▶ Given data:
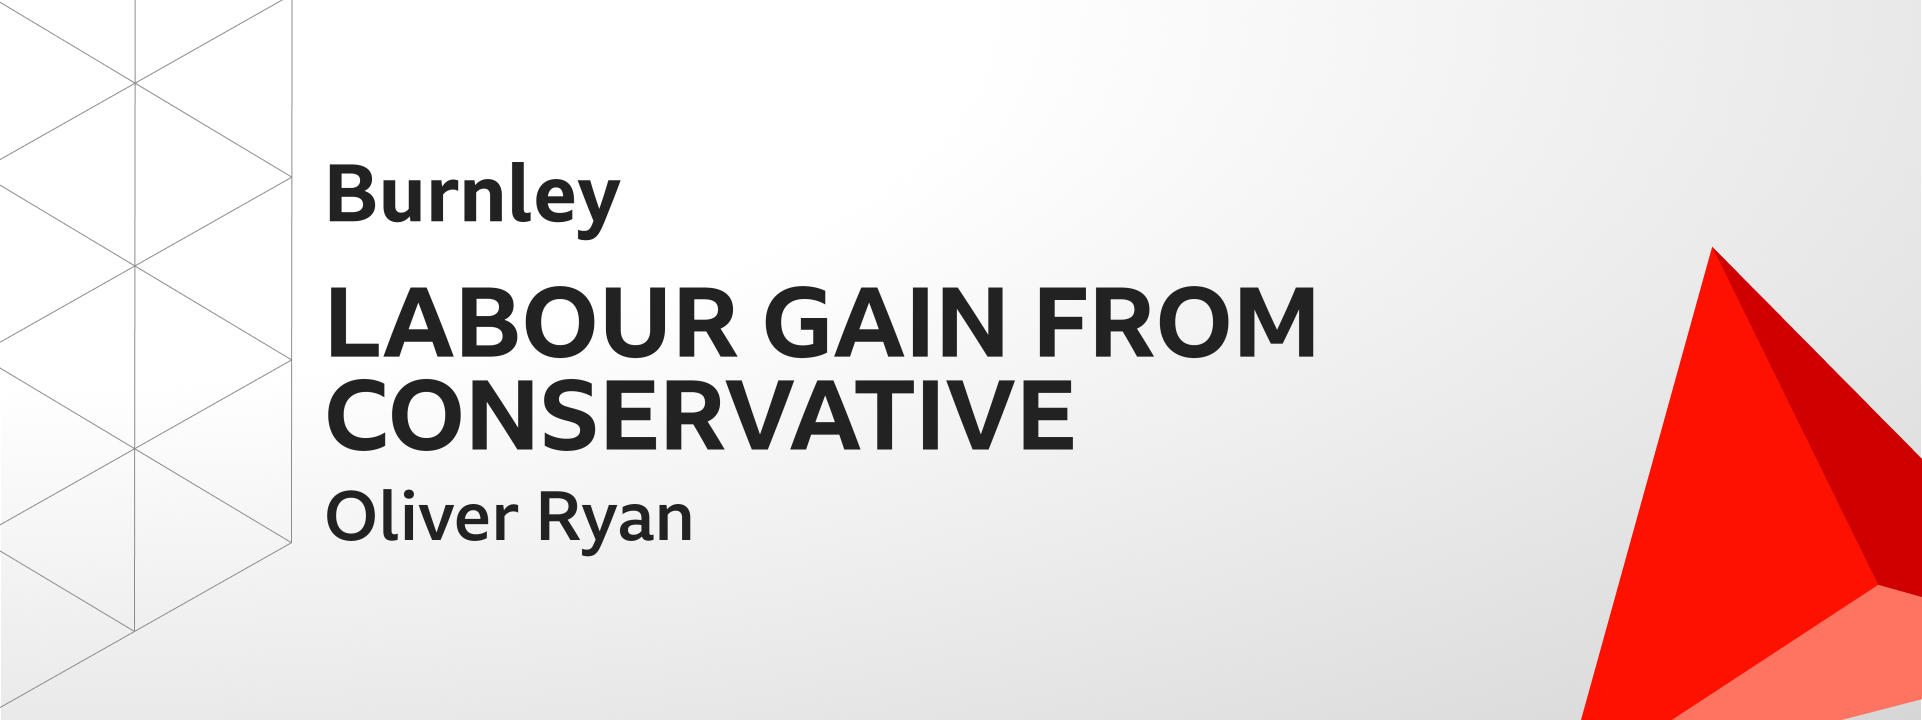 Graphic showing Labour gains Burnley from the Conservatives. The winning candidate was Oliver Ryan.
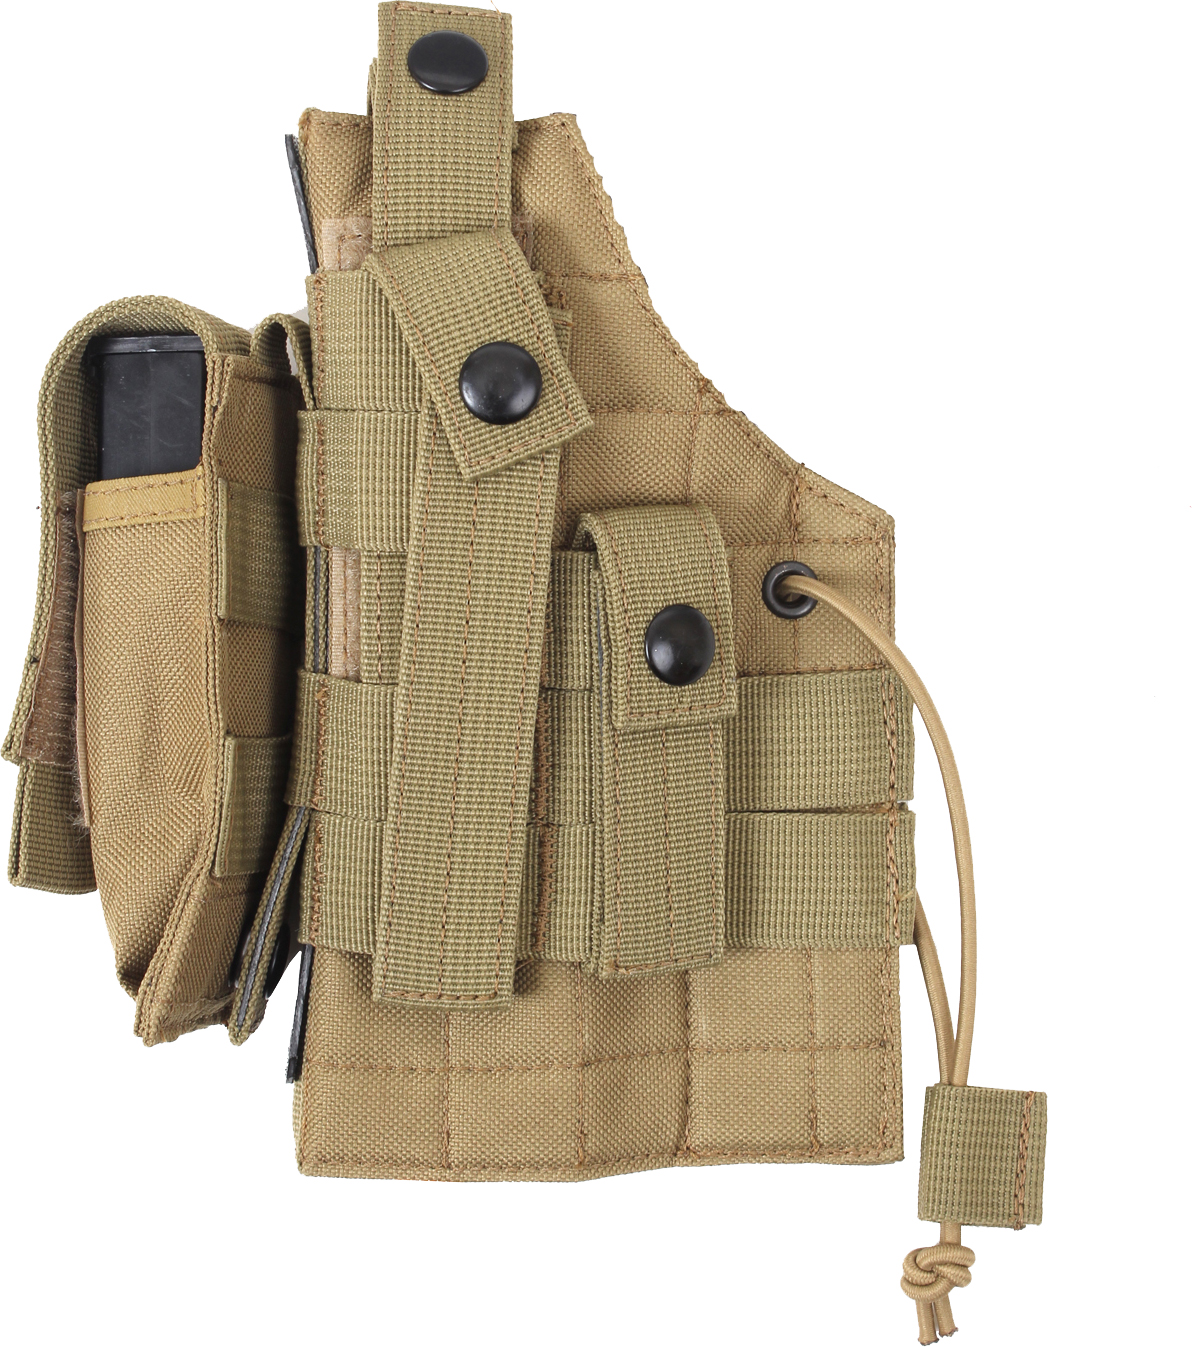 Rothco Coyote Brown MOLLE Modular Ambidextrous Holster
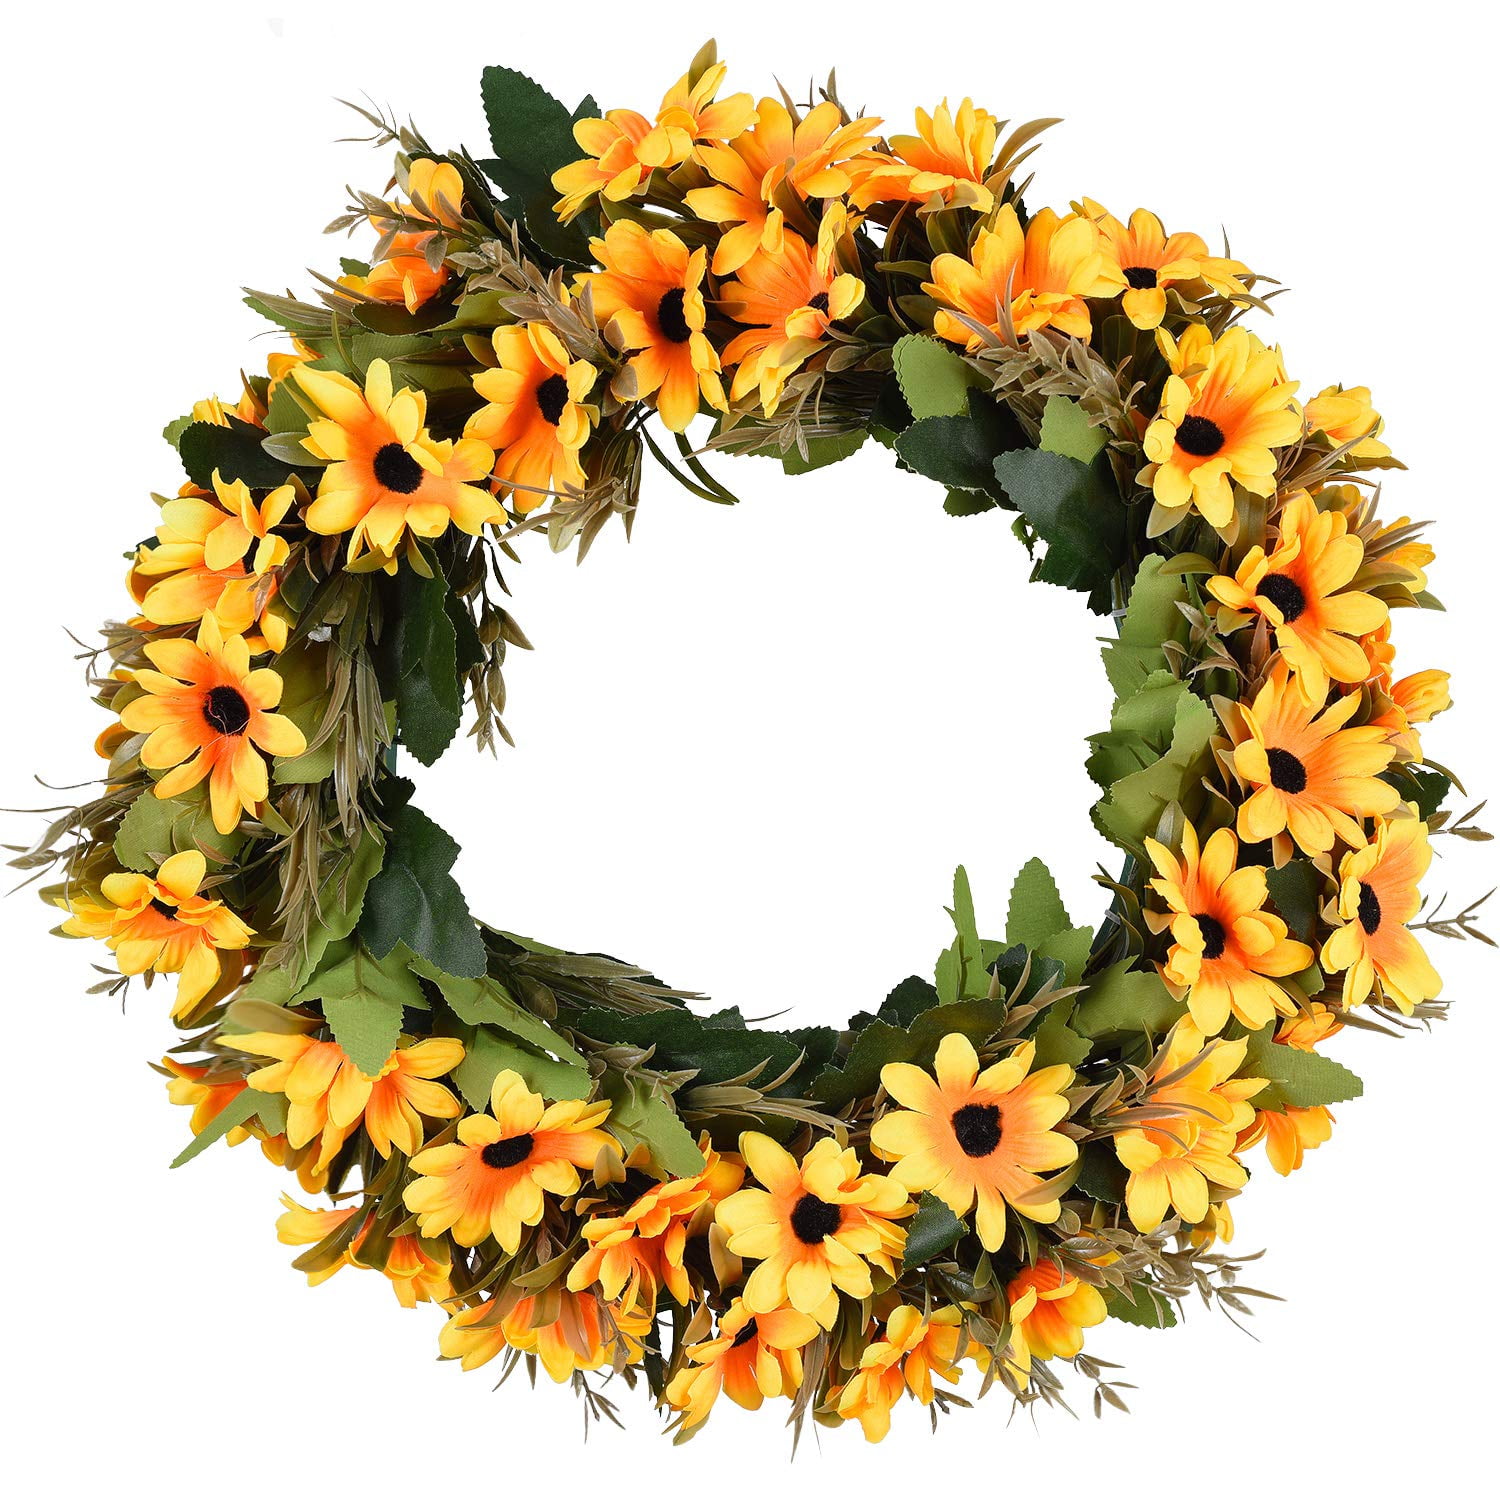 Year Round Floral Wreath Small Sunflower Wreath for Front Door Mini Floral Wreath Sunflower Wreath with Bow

▶ Your instructions: Please restate the material word for word; the pictures stay out.

▶ Output:
 Graphic showing Labour gains Burnley from the Conservatives. The winning candidate was Oliver Ryan.
 Rothco Coyote Brown MOLLE Modular Ambidextrous Holster
 Year Round Floral Wreath Small Sunflower Wreath for Front Door Mini Floral Wreath Sunflower Wreath with Bow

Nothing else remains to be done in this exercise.